Following confirmation from Rahul Sundaram and Seth Vidal a decision was made[3] by Adam: "I would honestly rather retire the package than do a WONTFIX, if the project as a whole is going the direction of PolicyKit and upstream is dead then I don't want to keep old and busted cruft around the repositories as Fedora continues to look towards the future."
A further suggestion from "Cry" prompted[4] Adam to start filing RFEs against system-config-firewall for any features present in Firestarter but missing in system-config-firewall.
Russian Fedora ?
When Peter Lemenkov asked[1] about the idea of creating a Fedora Foundation outside of the U.S.A. the usual arguments from the past few years were rehashed. Kevin Kofler gave[2] an able summary why this would still present Red Hat with a problem.
An assertion by [[User:|Alexey Torkhov]] that there existed[3] a Red Hat-sanctioned "RussianFedora" spin which contained mp3 codecs and other material excluded from the actual Fedora Project repositories drew demands for proof from Rahul Sundaram.
Will FESCo Revisit Kmods ?
A discussion of why VirtualBox will not be a feature due to its code not yet heading upstream and consequently remaining as kmods drew a statement of support from Kevin Kofler for reverting the current banning of kmods should he become a FESCo member. Upon request from Richard W.M. Jones for a dispassionate summary of the reasons to avoid kmods drew[1] a concise response from Seth Vidal.

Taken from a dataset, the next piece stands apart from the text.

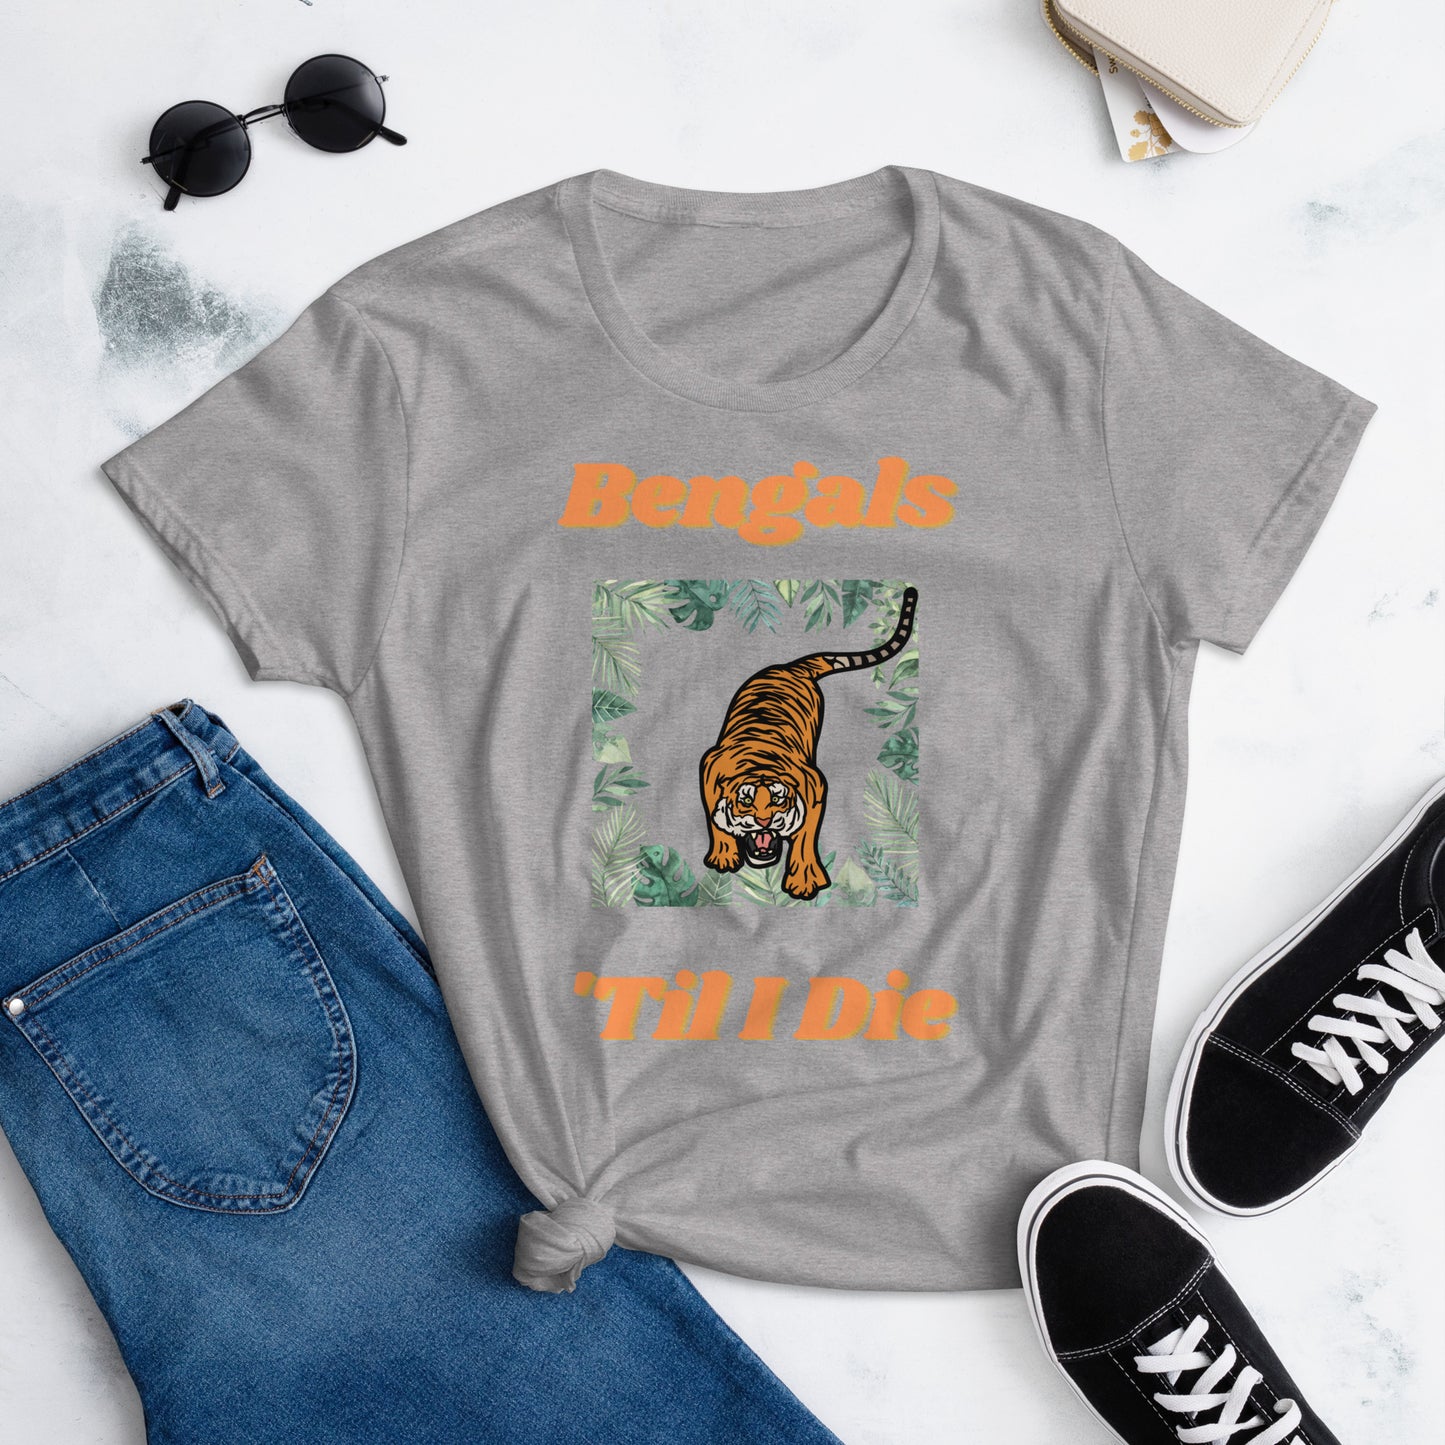 Bengals 'Til I Die Women's Short Sleeve T-Shirt
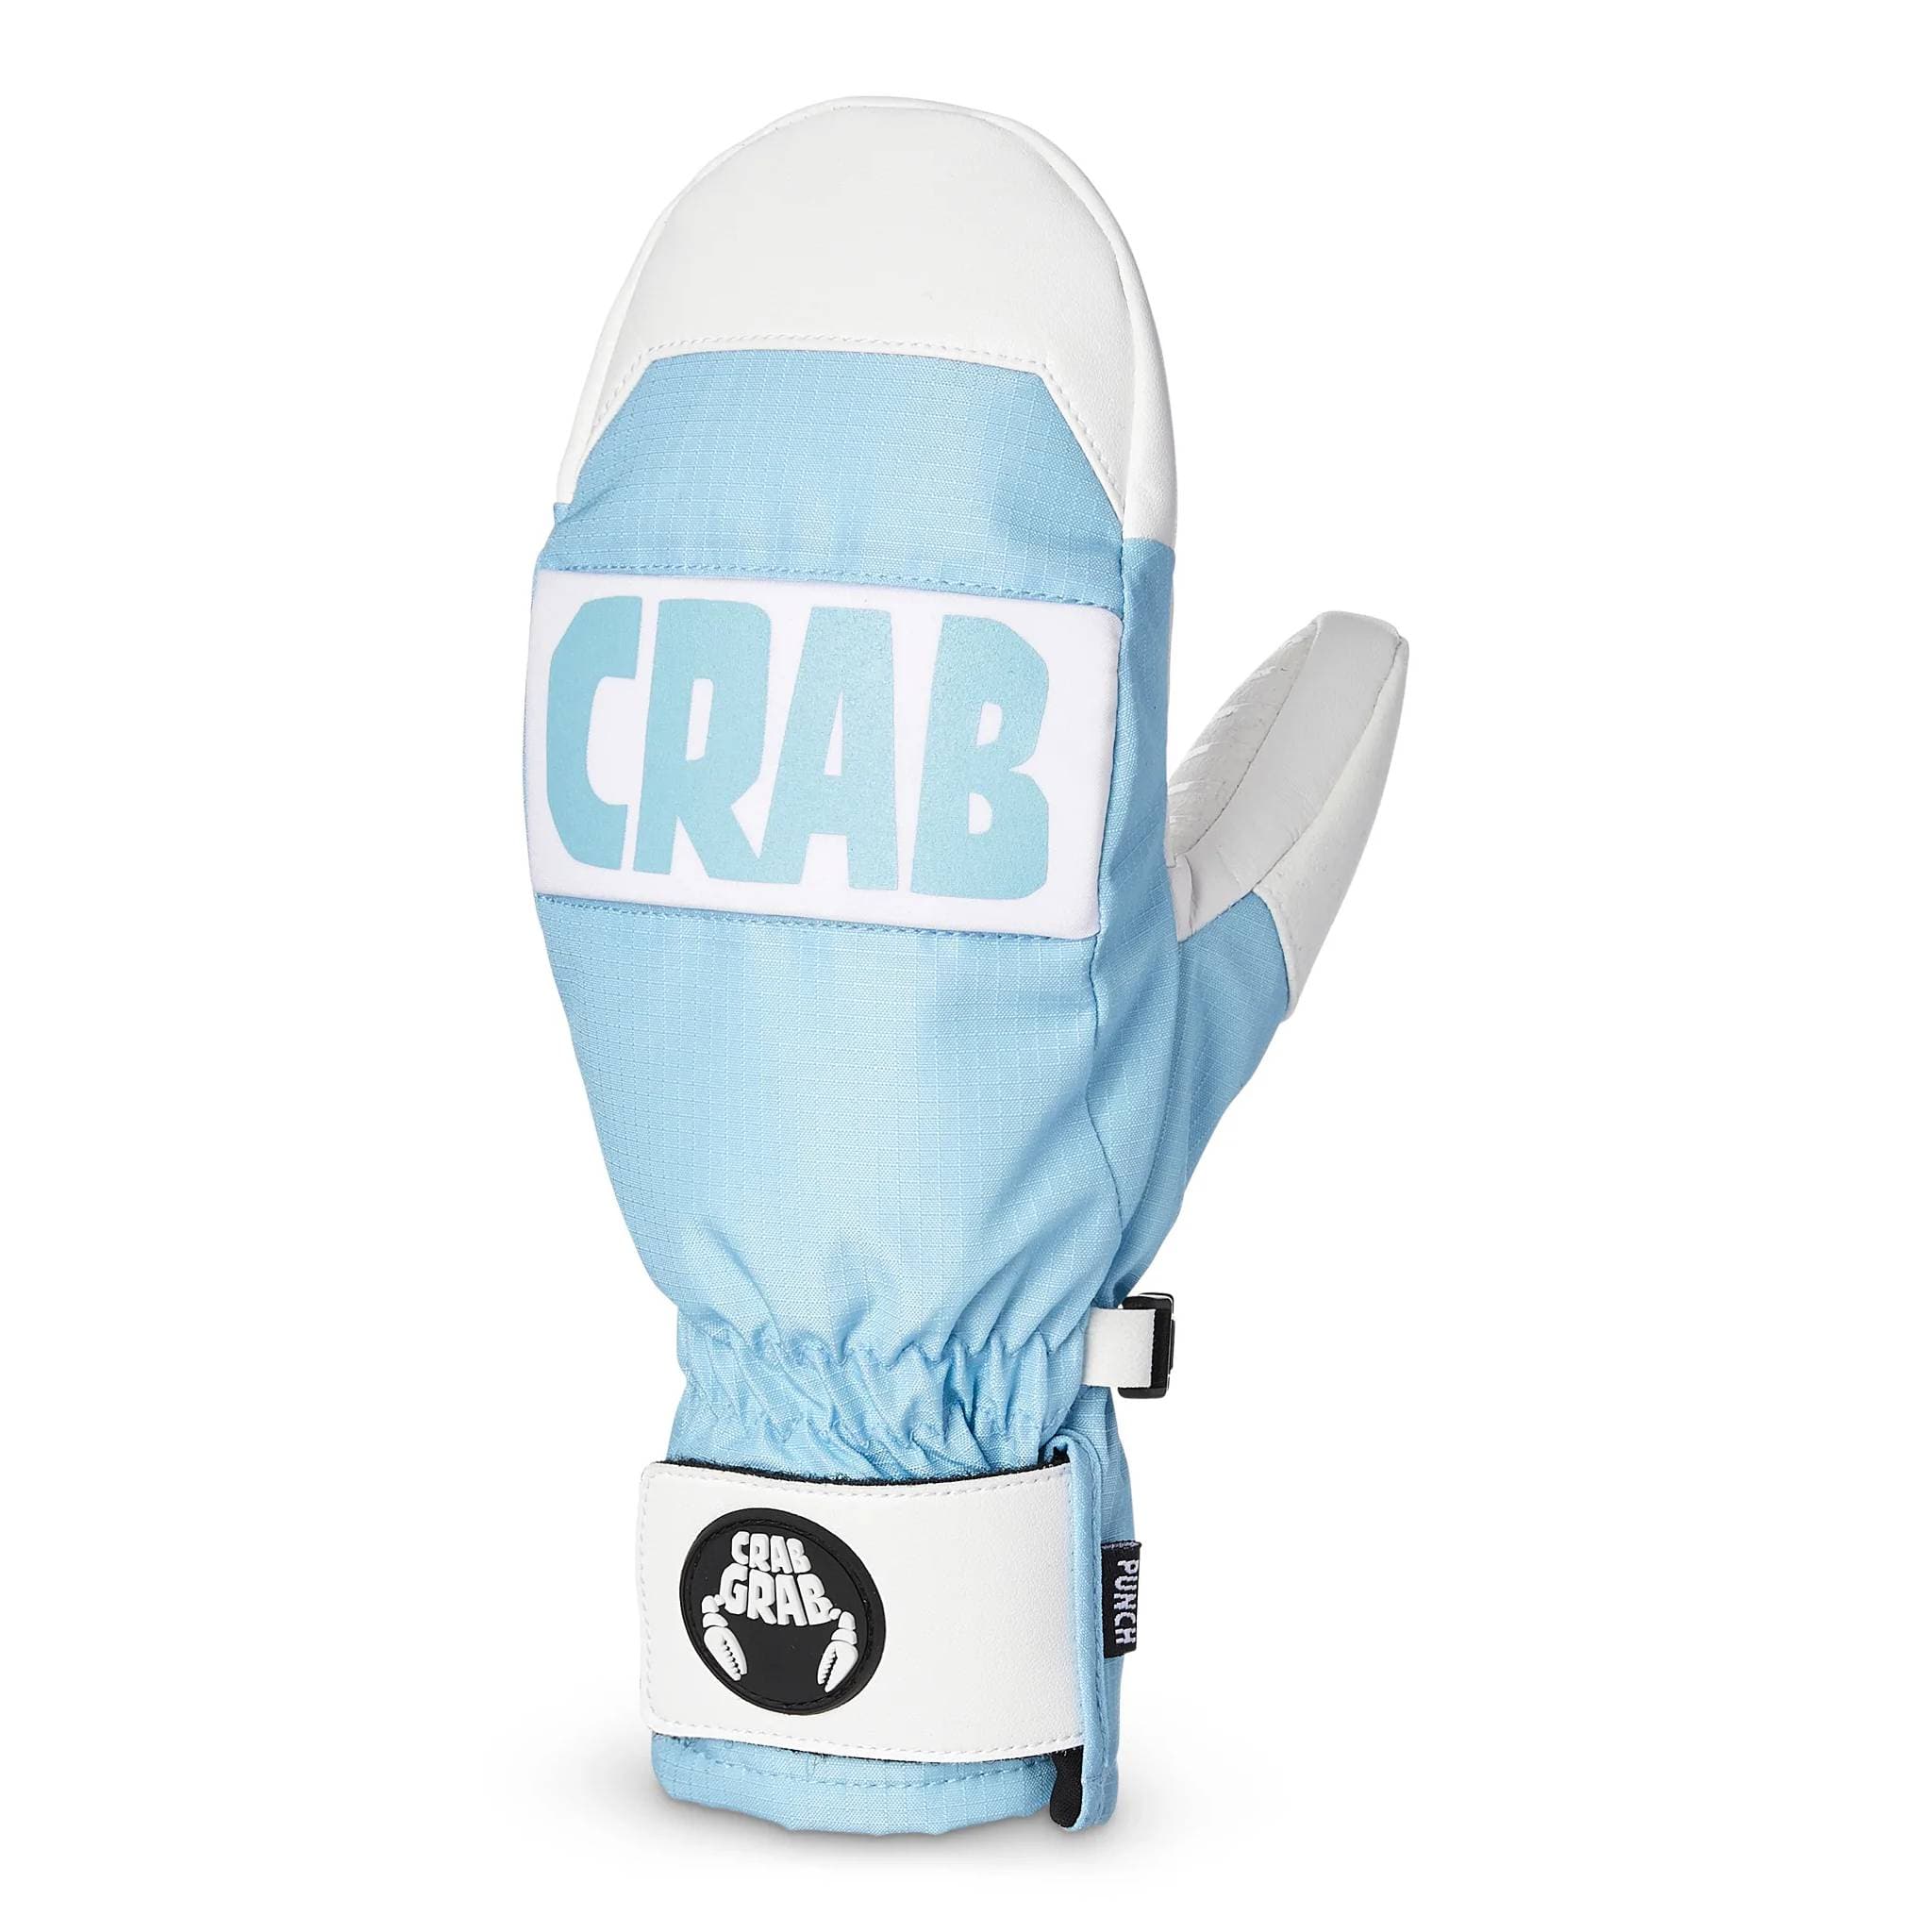 Crab Grab Punch Youth Mitt

Adam Williamson and Matt Domsch (Dell's DKMS mastermind) kicked[2] some ideas back and forth over the advantages of akmods versus kmods.
Upgrade from Fedora 10 to Rawhide (Fedora 11)
Following a report from Uwe Kiewel that a
yum upgrade
had spewed all sorts of errors the supported methods for upgrades were re-stated[1] by Adam Williamson: "[I]f you talk to the people most involved in implementing it (Seth) and testing it (Will) they will tell you that doing live upgrades via yum can't really ever be 100% safe for various reasons, but preupgrade can get very close and is useful in all the same cases. So their position is, we support preupgrade, we don't support yum. If yum works, great, if it doesn't, you can bug people to fix whatever it stopping it working, but it's not 'required' by any policy or guideline."